EXERCISE DATA »
▼
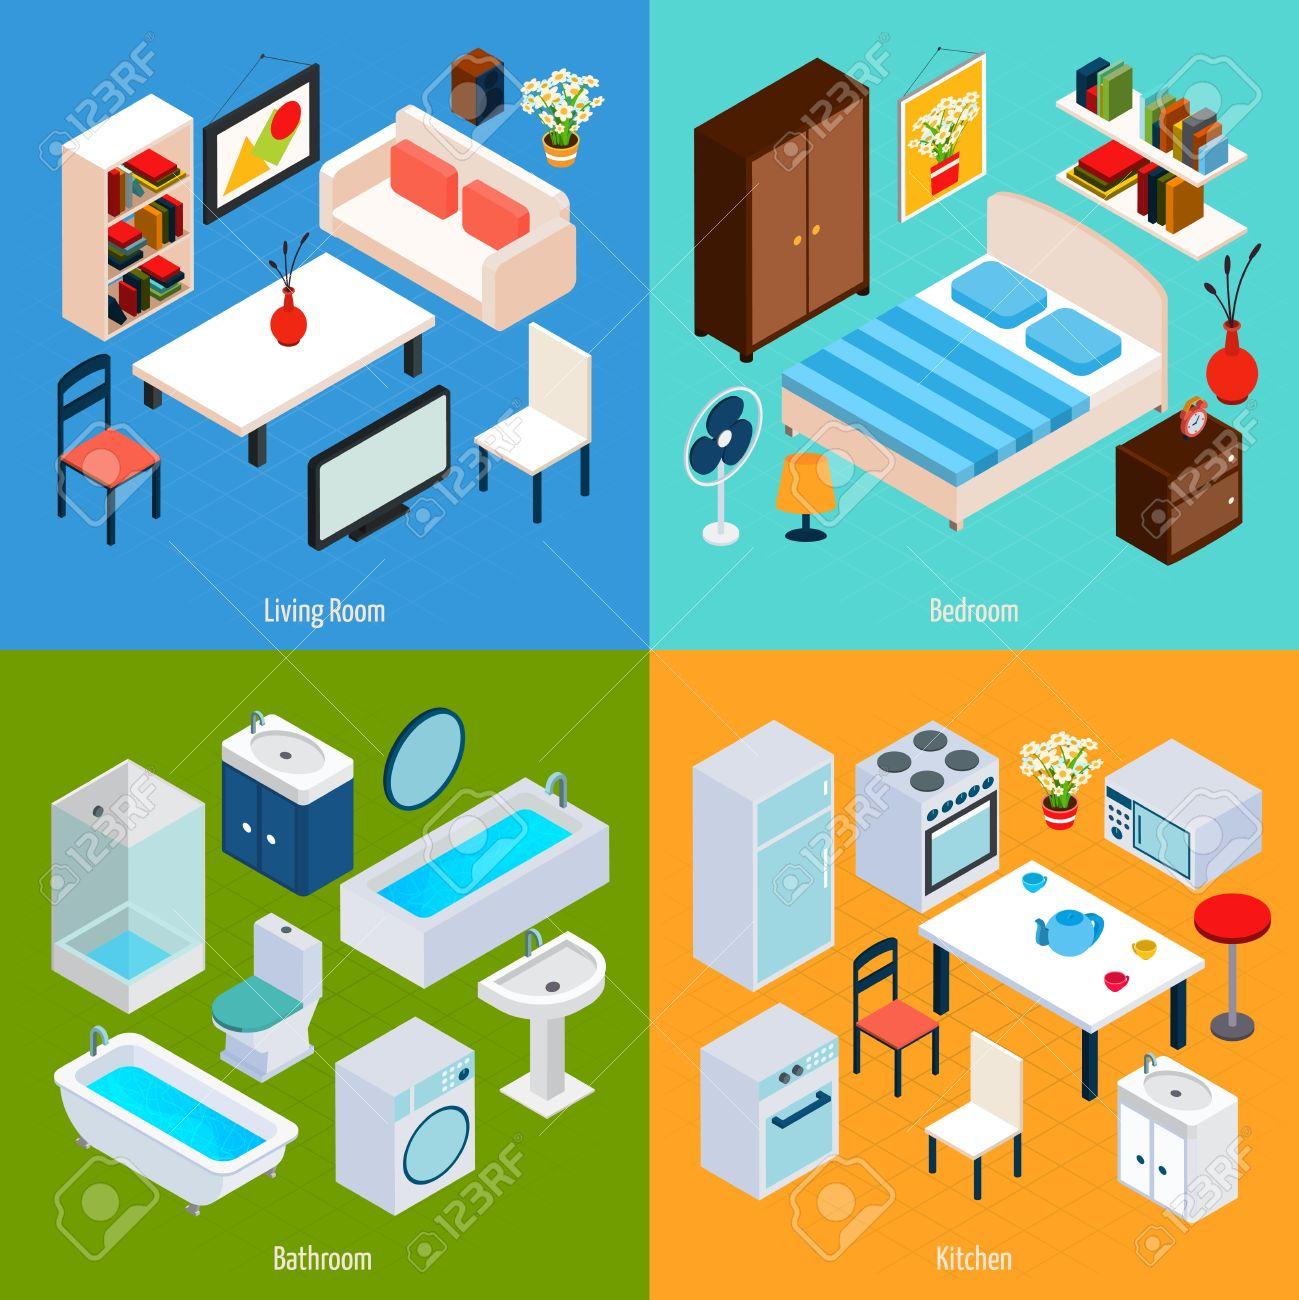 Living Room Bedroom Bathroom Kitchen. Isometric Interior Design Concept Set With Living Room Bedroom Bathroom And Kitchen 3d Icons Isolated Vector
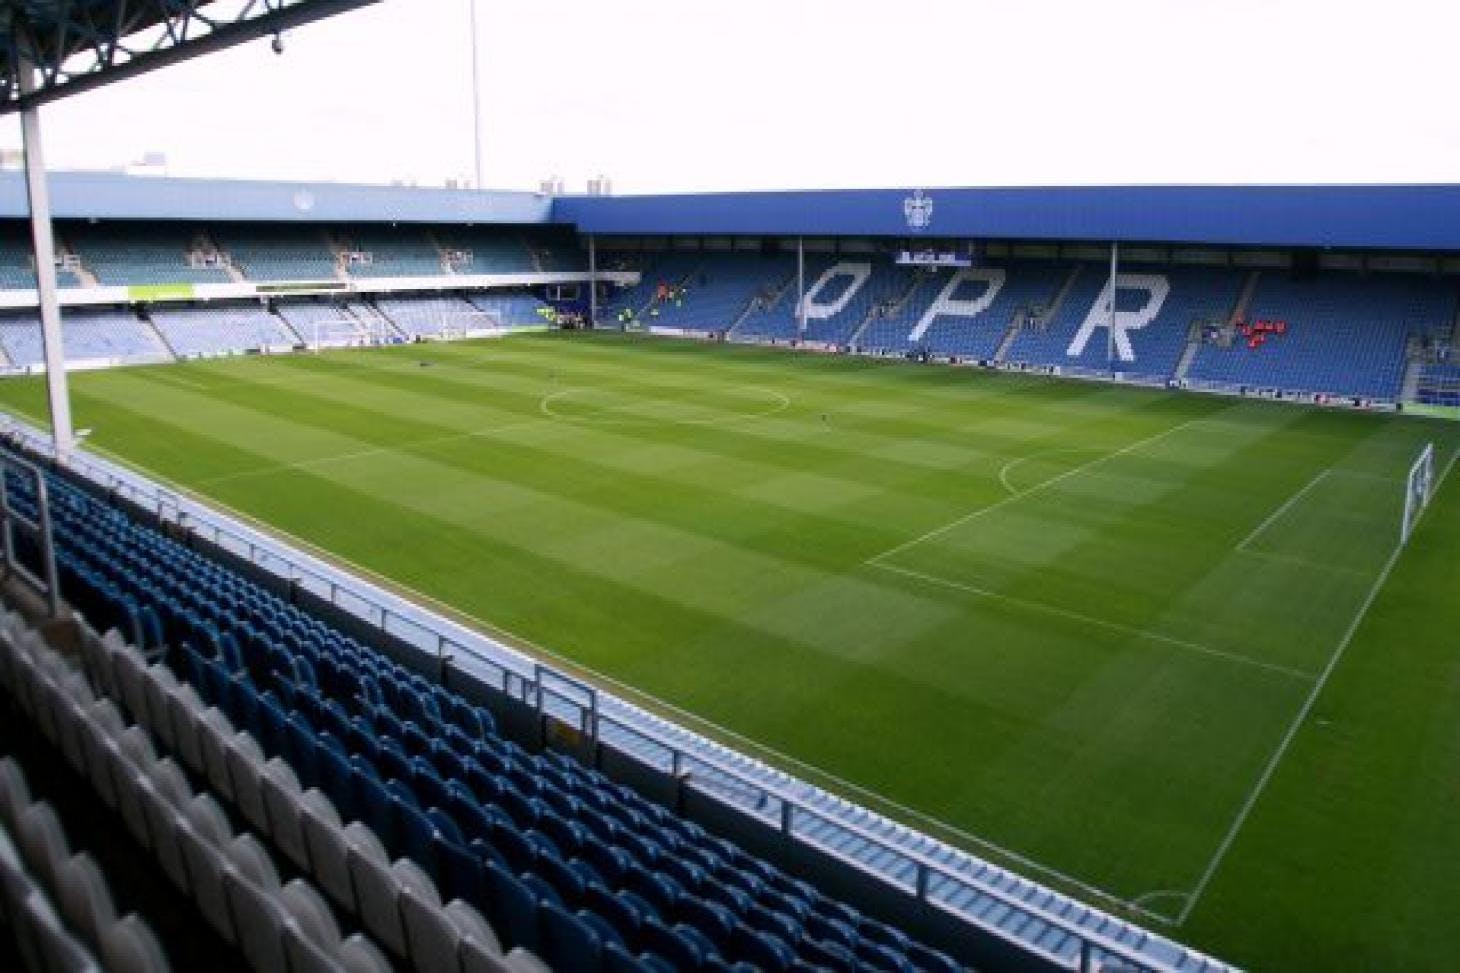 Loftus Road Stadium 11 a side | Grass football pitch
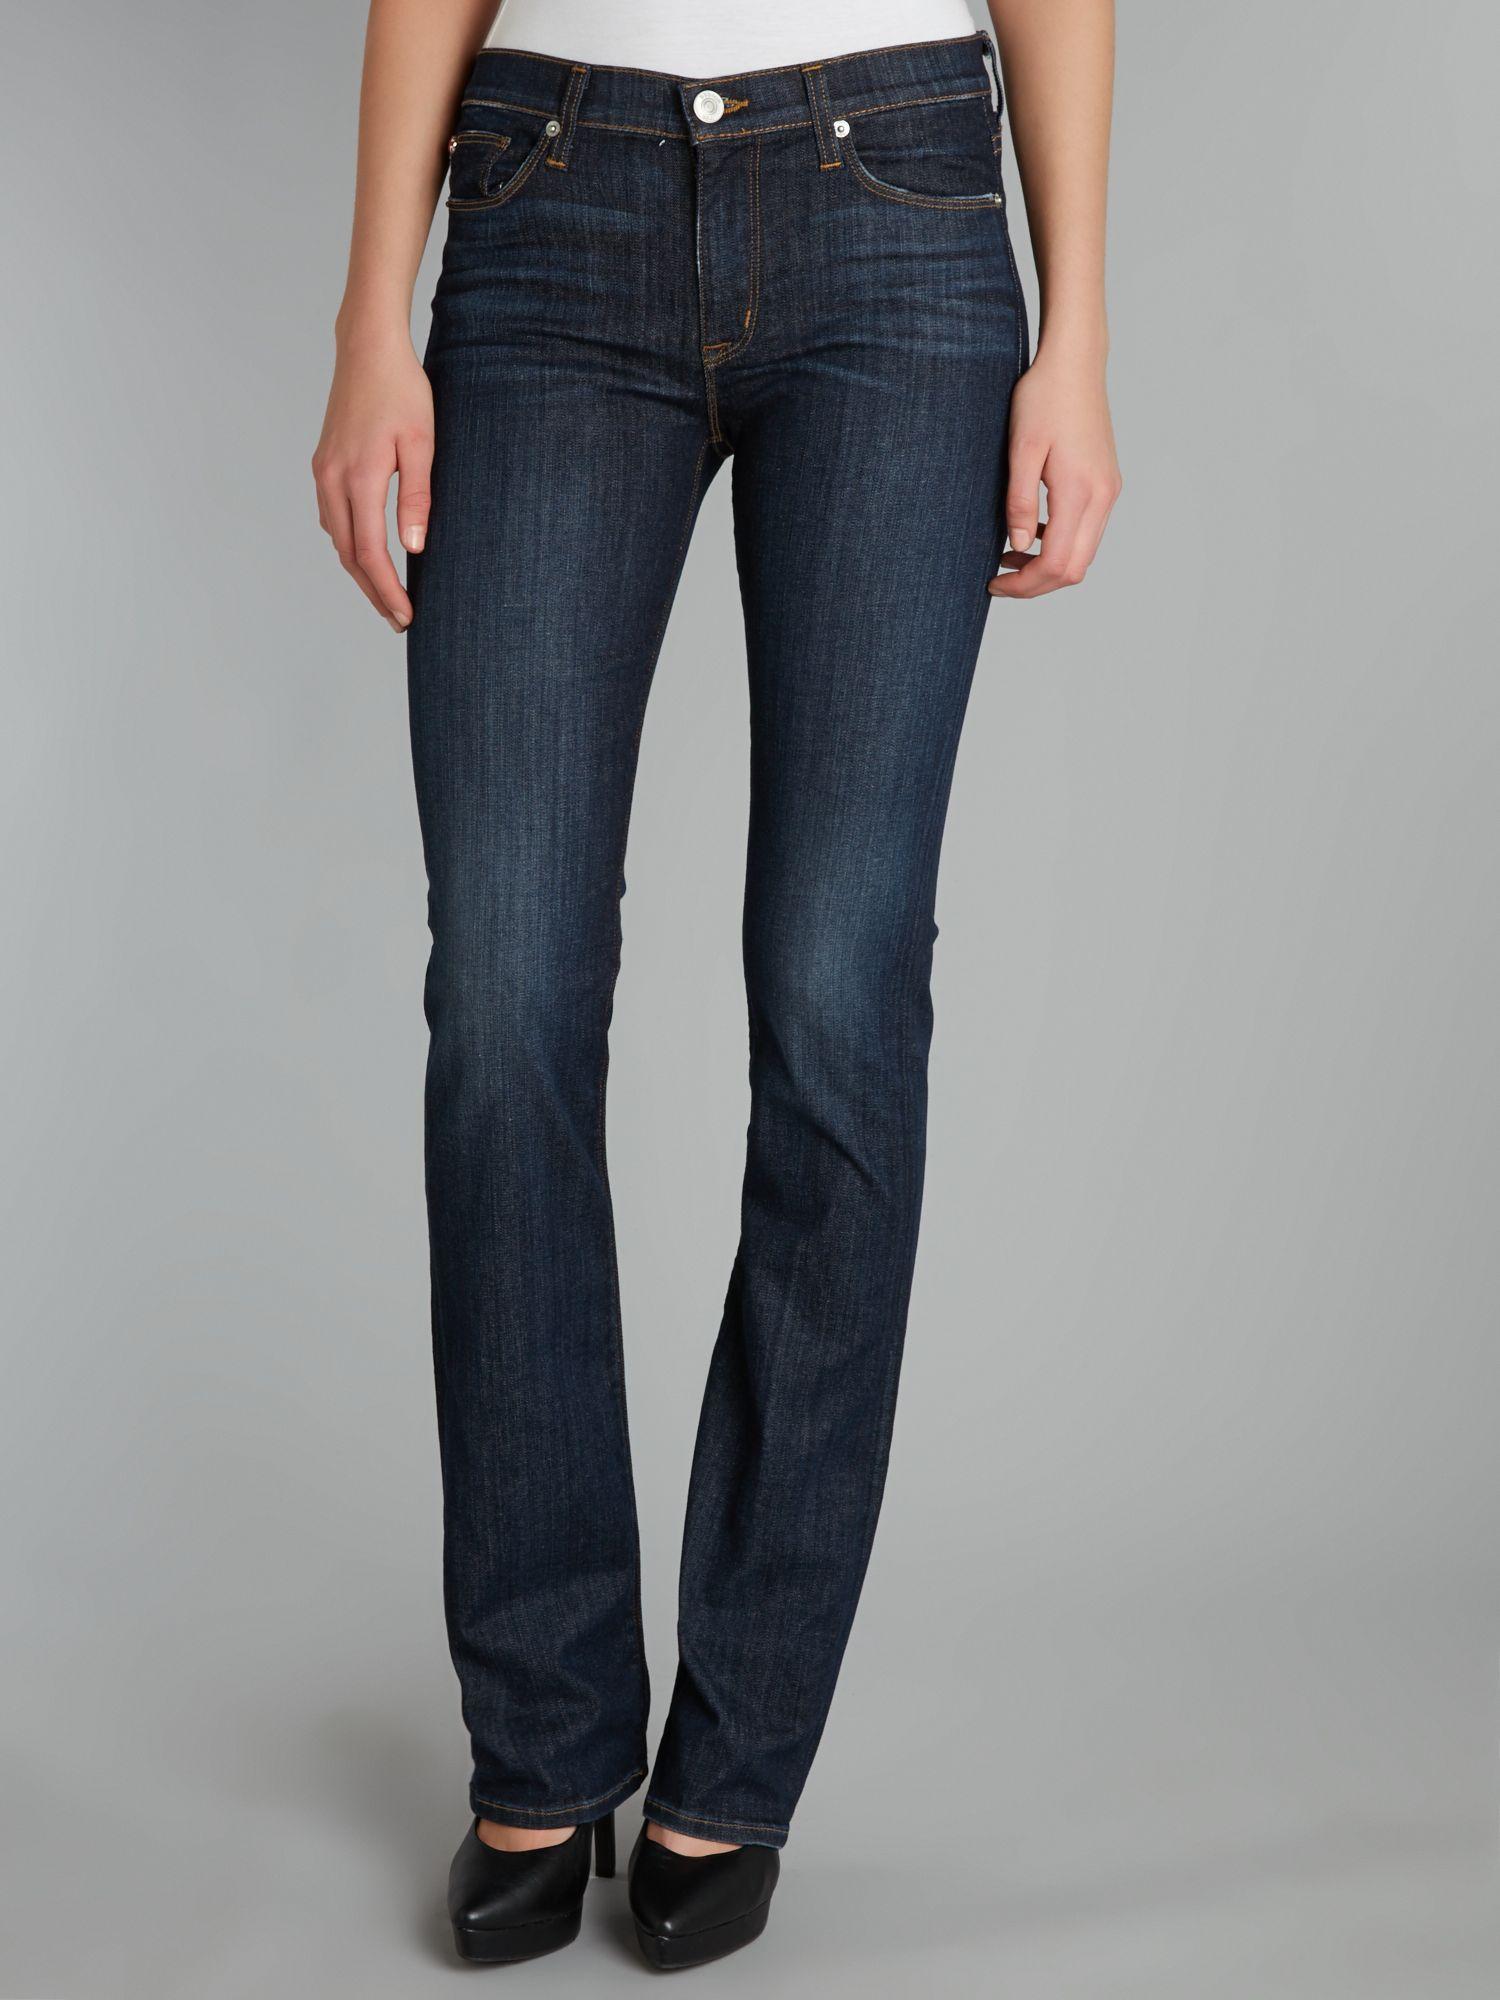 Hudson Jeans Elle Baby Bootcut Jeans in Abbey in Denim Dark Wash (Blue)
▲
EXERCISE DESCRIPTION » Everything in the material above is to be reproduced exactly, pictures aside.

SOLUTION TO THIS EXERCISE »
 Living Room Bedroom Bathroom Kitchen. Isometric Interior Design Concept Set With Living Room Bedroom Bathroom And Kitchen 3d Icons Isolated Vector
 Loftus Road Stadium 11 a side | Grass football pitch
 Hudson Jeans Elle Baby Bootcut Jeans in Abbey in Denim Dark Wash (Blue)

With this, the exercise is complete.